Осколки мозаики. Роман-фэнтези - Людмила Захарова
Шрифт:
Интервал:
Закладка:
Неловким движением она избавилась от большой клетчатой шали, решив хоть немного подобрать спутавшиеся пряди долгих волос, но что-то мешало. Словно отряхнувшись, она выскользнула из телогрейки, прислонилась к фанерной стене. Нагота плеч, излом запястий, а локоток!.. О, Боже! На прозрачно белый батист сорочки капала кровь, теплая, живая. Я испугался, я не сказал ей, что она сошла с ума, а прохрипел сдавленно: «Знаешь, мне до сих пор больно. Передай им – мне больно!
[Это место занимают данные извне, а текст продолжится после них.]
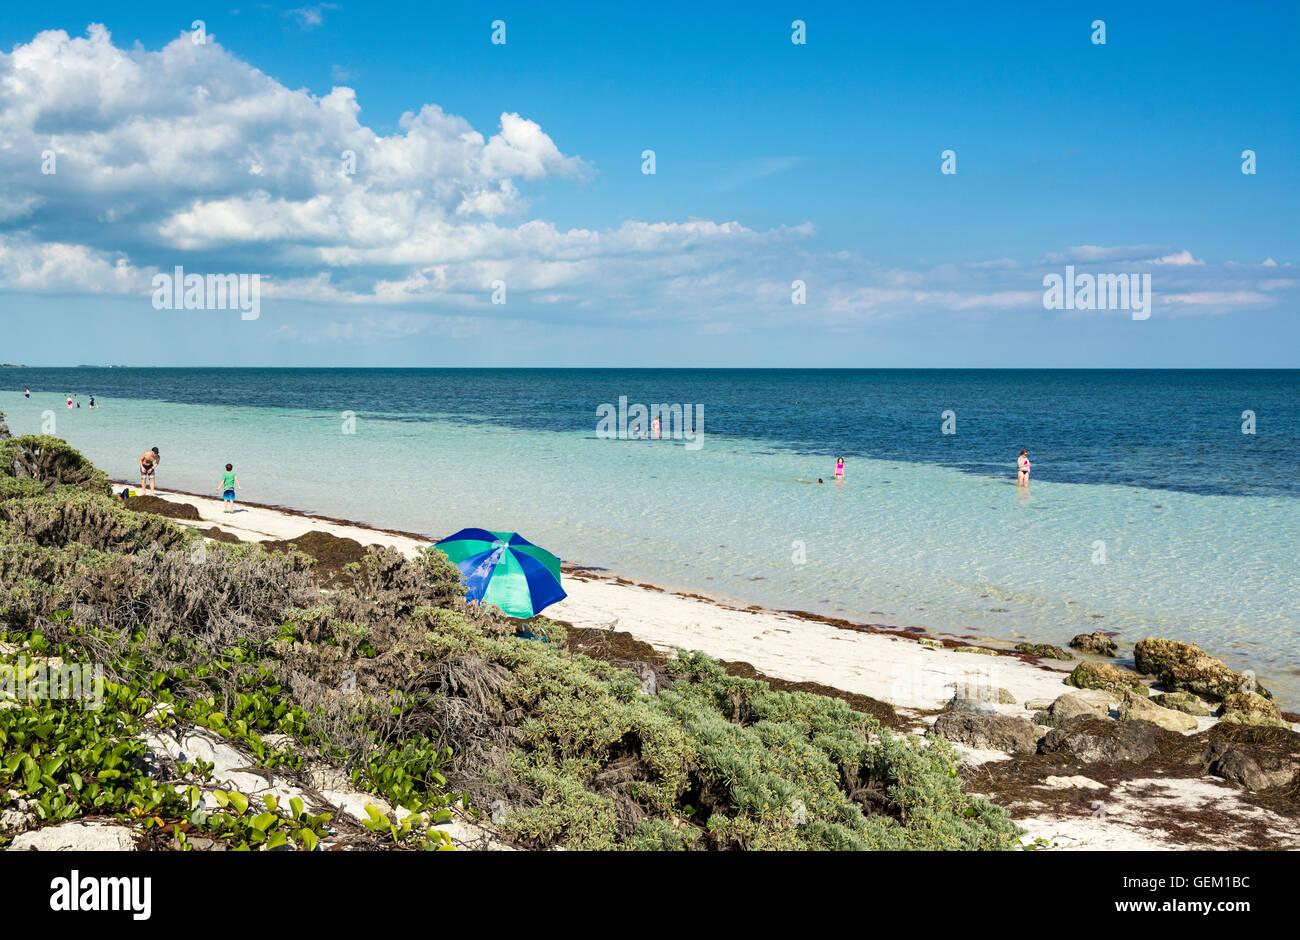 Florida, Bahia Honda State Park, Seagrass on beach - Stock Image
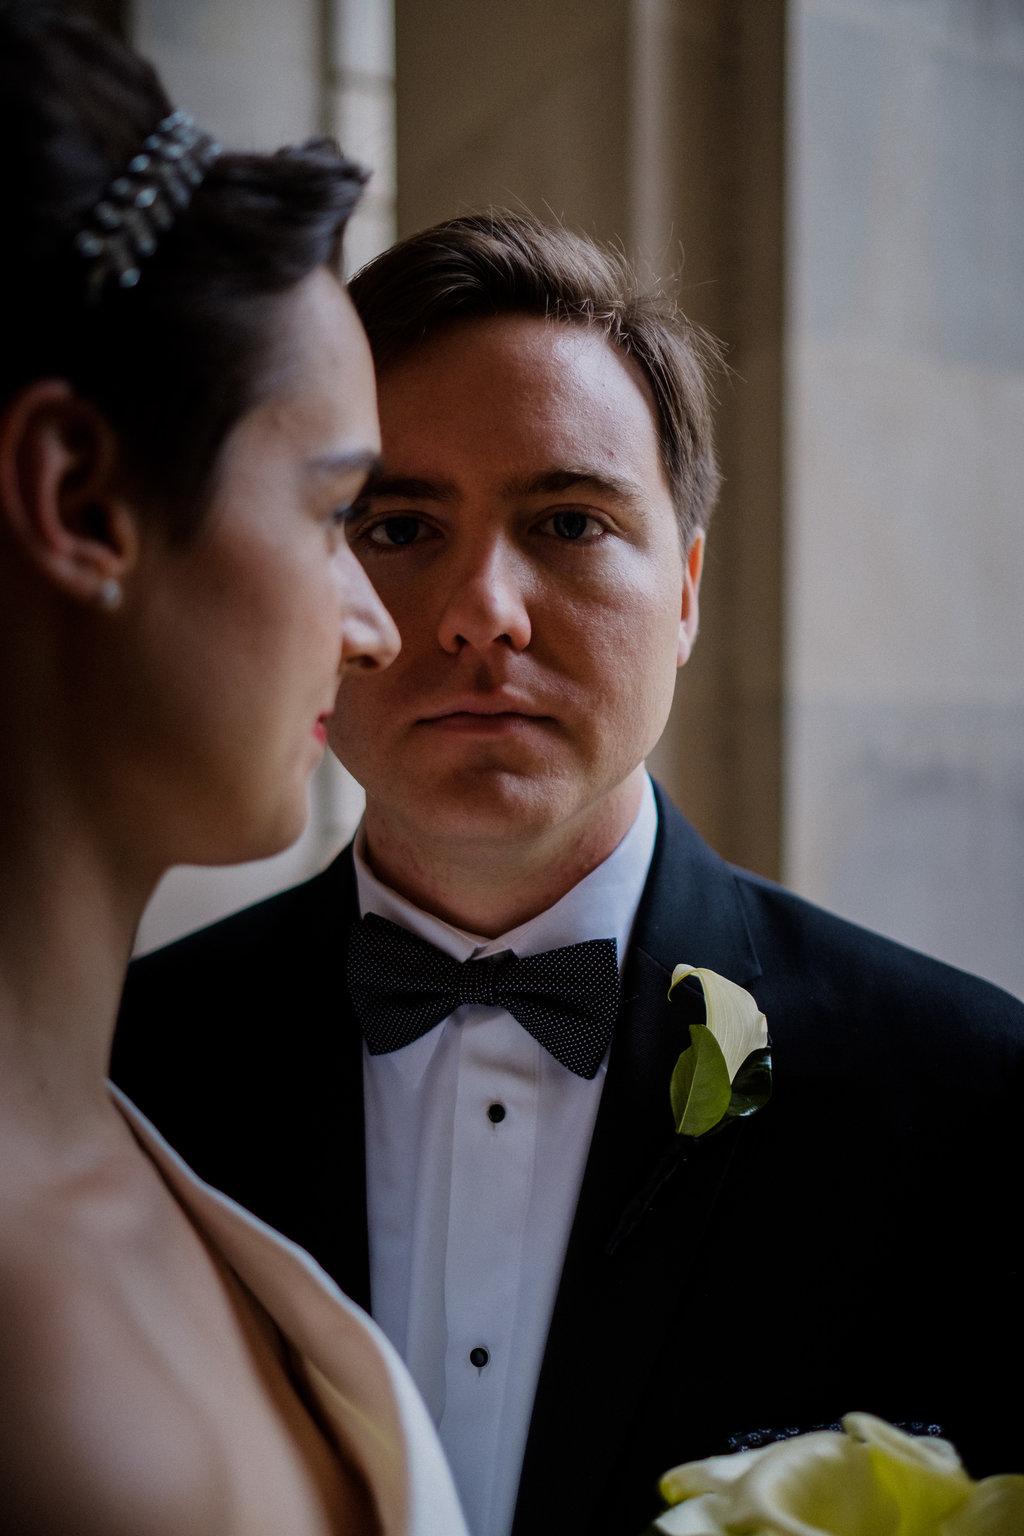 Andrew_Mellon_Washington_DC_Wedding_044.jpg

Если все так… Я хотел бы умереть». Я давно не слышал своего голоса – такого рвущегося клокотания в горле. Она не ответила, то есть это случилось как-то иначе. Ее мысль так ласково и покойно легла на сердце, что я умолк, более уж не прибегая к словам. Я не помнил такого умиротворения ни в жизни, ни потом. Она вынула забытую иглу от капельницы из вены, куском бинта скрутившегося в косах, я затянул ей руку, не подумав о своих ледяных прикосновениях. Просвечивающее тело ничуть не смущало, нагота имела иной вкус. Только потом, вспоминая нашу страшную встречу, я думал о поздней осени и застывшей снежной каше на воде, поражаясь сумасбродству и бесчувственности к холоду. Ну, как же! Живым должно быть холодно.
Владимир Семенович прижался заросшей щекой к гитаре, вспомнив, что созерцание невероятного рельефа крохотного ушка вдохновляло древних мастеров кисти и пера, а ему, тогда открывшееся ушко, только мешало собирать взбунтовавшиеся водоросли волос. В них можно запутаться и погибнуть. Хранитель с настороженной грустью наблюдал за рассеянной прогулкой Алфеи, о которой они говорили, не надеясь, что она приблизится в снисходящих сумерках. Он давно пытался разгадать ее исчезновения и вот, пожалуйте, с опозданием в целую вечность можно что-то сопоставить, объяснить. Но только себе. Он с благодарностью принял запоздалые тексты песен на хранение.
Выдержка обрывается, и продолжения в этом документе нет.